He wound up confronting the author of the e-mail directly. “I said, ‘From now on, every e-mail you send this reporter will be on the record, and you will be speaking on behalf of the president of the United States.’ That shut it down.”

Neil Munro, White House correspondent for the conservative Daily Caller, says that after he interrupted Obama during a June 2012 press conference on immigration – inadvertently, Munro insists – he felt the wrath of the administration. “The White House called and bitched us out vigorously,” he says. “I haven’t been called on since shortly after Osama bin Laden was killed.”

“I’ve seen reporters get abused – but it’s the job of the press to push back hard,” says Ron Fournier, a White House correspondent under Bill Clinton and George W. Bush. “The people you’re covering don’t feel like they should be challenged, and they have immense resources at their disposal to beat back.”

CBN’s Brody, who covered Obama during the 2008 campaign and was granted four one-on-ones, has emotional whiplash from his treatment by top aides. On the one hand, he’s sympathetic: “I think they believe in a rabid defense of this president, who has had so many critics, at all costs,” he says. On the other, they are often bullies and a favored tactic is to make a journalist feel dumb, unsophisticated, unworthy of the job or the briefing room or the returned call.

“The way they treated Woodward,” says Munro, “is the way they treat other reporters.”

One correspondent says that when he inquired about a staging choice for the president’s speech, he was steamrolled. “There was one specific White House aide calling me up, yelling and screaming,” he says. “It was condescending and abrasive: ‘Why is this a story? Why are you doing this? This is of no consequence. You’re making a mountain out of a molehill.’”

This went on for two days. “All I wanted,” says the reporter, “was an answer to a question. It’s not like I was looking to do a 12-page exposé to take down an aide. It was unnecessary vociferousness.” He eventually got his statement.

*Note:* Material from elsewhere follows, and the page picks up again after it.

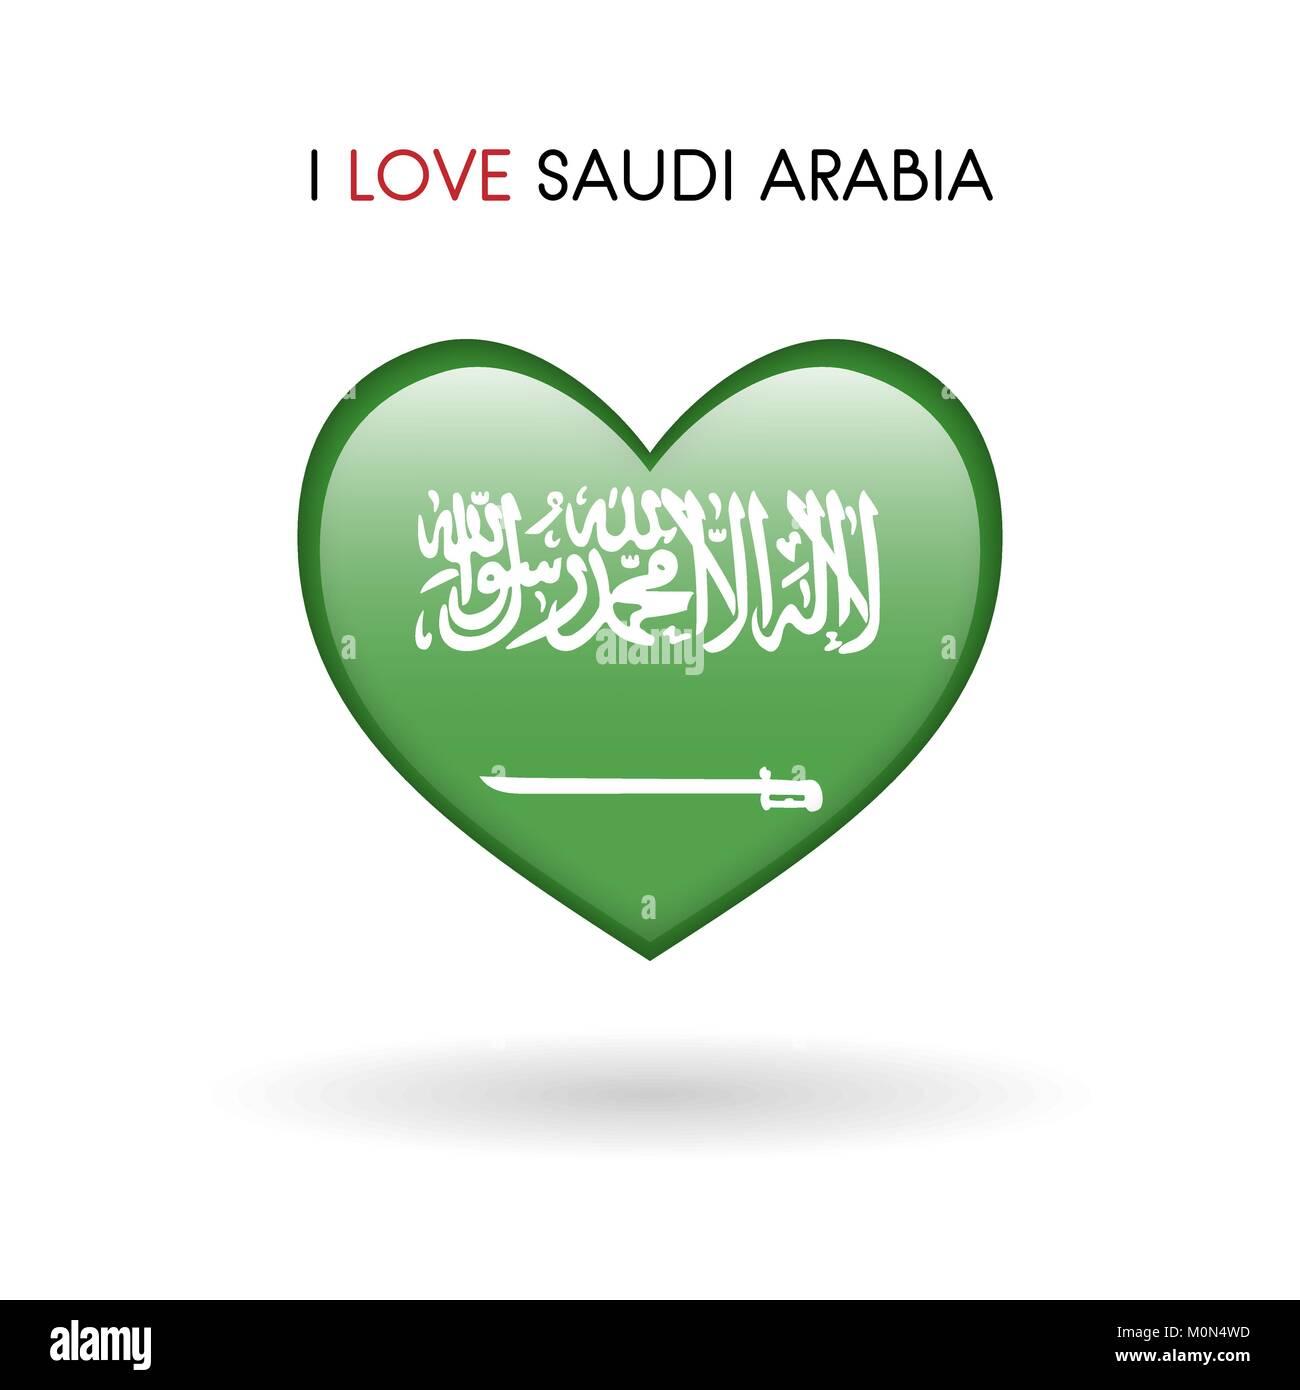 Love Saudi Arabia symbol. Flag Heart Glossy icon vector illustration isolated on gray background eps10 - Stock Image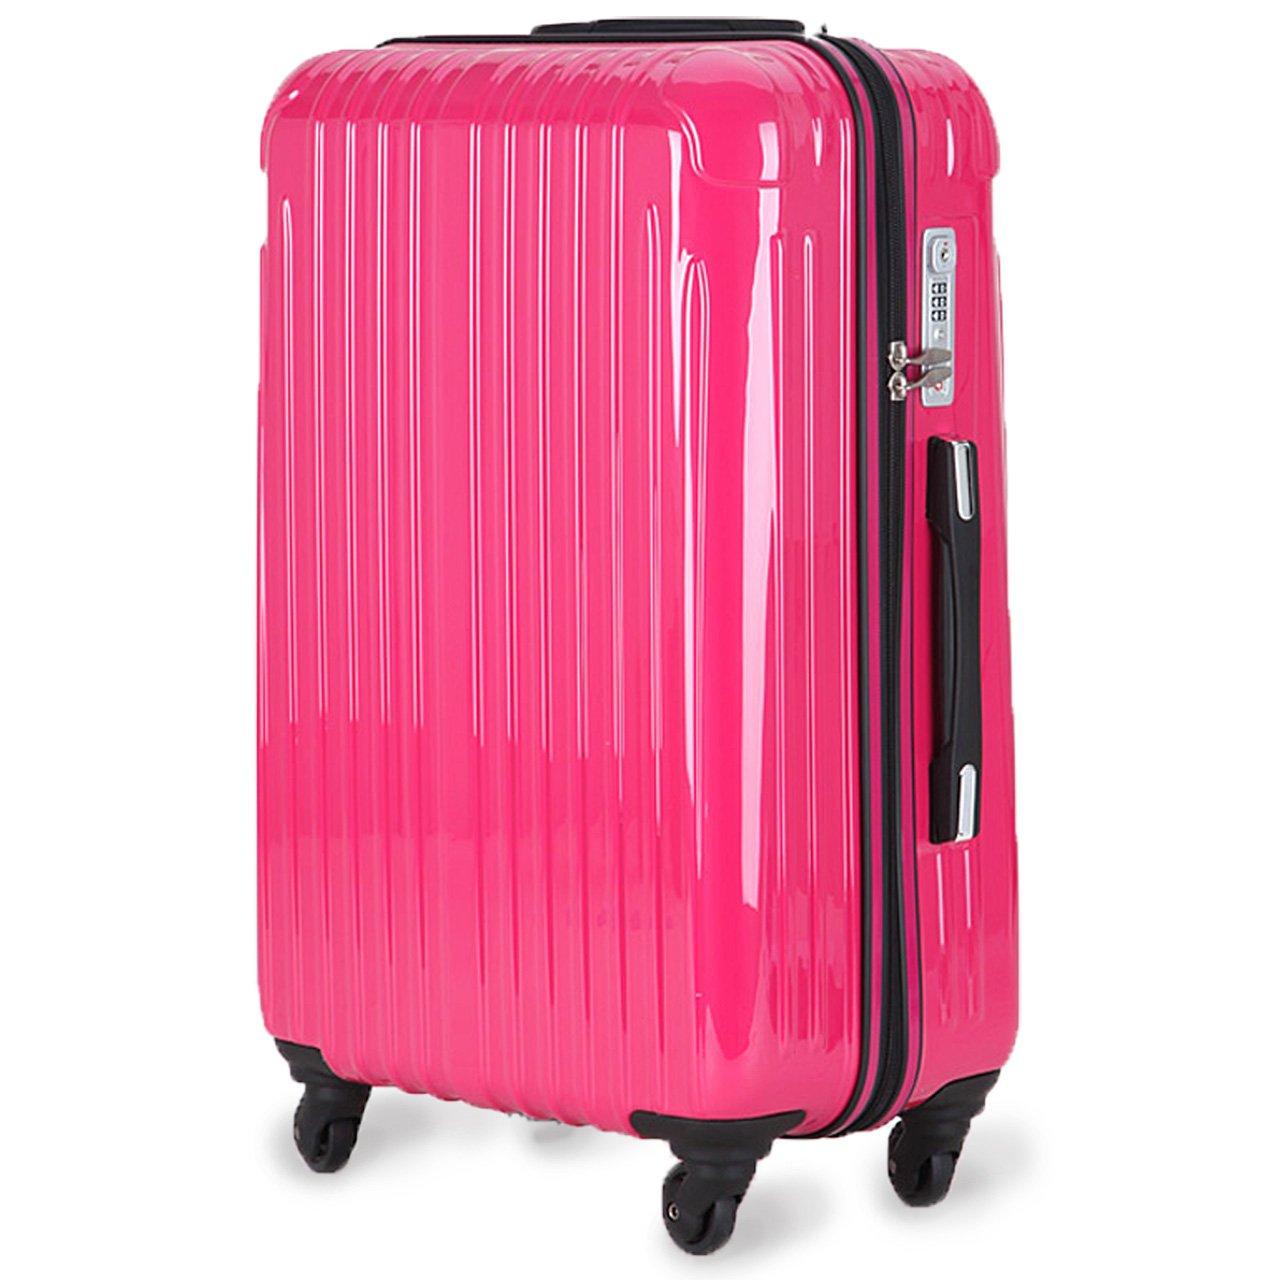 strike[ストライク]超軽量 2年保証 スーツケース TSAロック搭載 旅行バック トランクケース 旅行カバン B075CK9G74 中型アウトレット|マゼンタ マゼンタ 中型アウトレット

Another White House correspondent says that last week’s blowup over pool reporters’ access to the president’s golf game with Tiger Woods – which was none – is indicative of a larger problem. “Today’s a perfect example,” he says. “Jack Lew is sworn in” – as US Treasury secretary, on Thursday – “and they didn’t even allow a photographer in there. A reporter asked [press secretary] Jay Carney why, and his answer was, ‘It’s a family ceremony.’ No! This is a high-ranking government official whose salary is paid for by taxpayers. No.”

“This administration has tools to reach people on their own,” CBS White House correspondent Bill Plante said this week. “They don’t need us as much. And to the extent that they’re able to do that, they’re undercutting the First Amendment, which guarantees a free press through many voices. If they put out their own material, it’s state-run media.”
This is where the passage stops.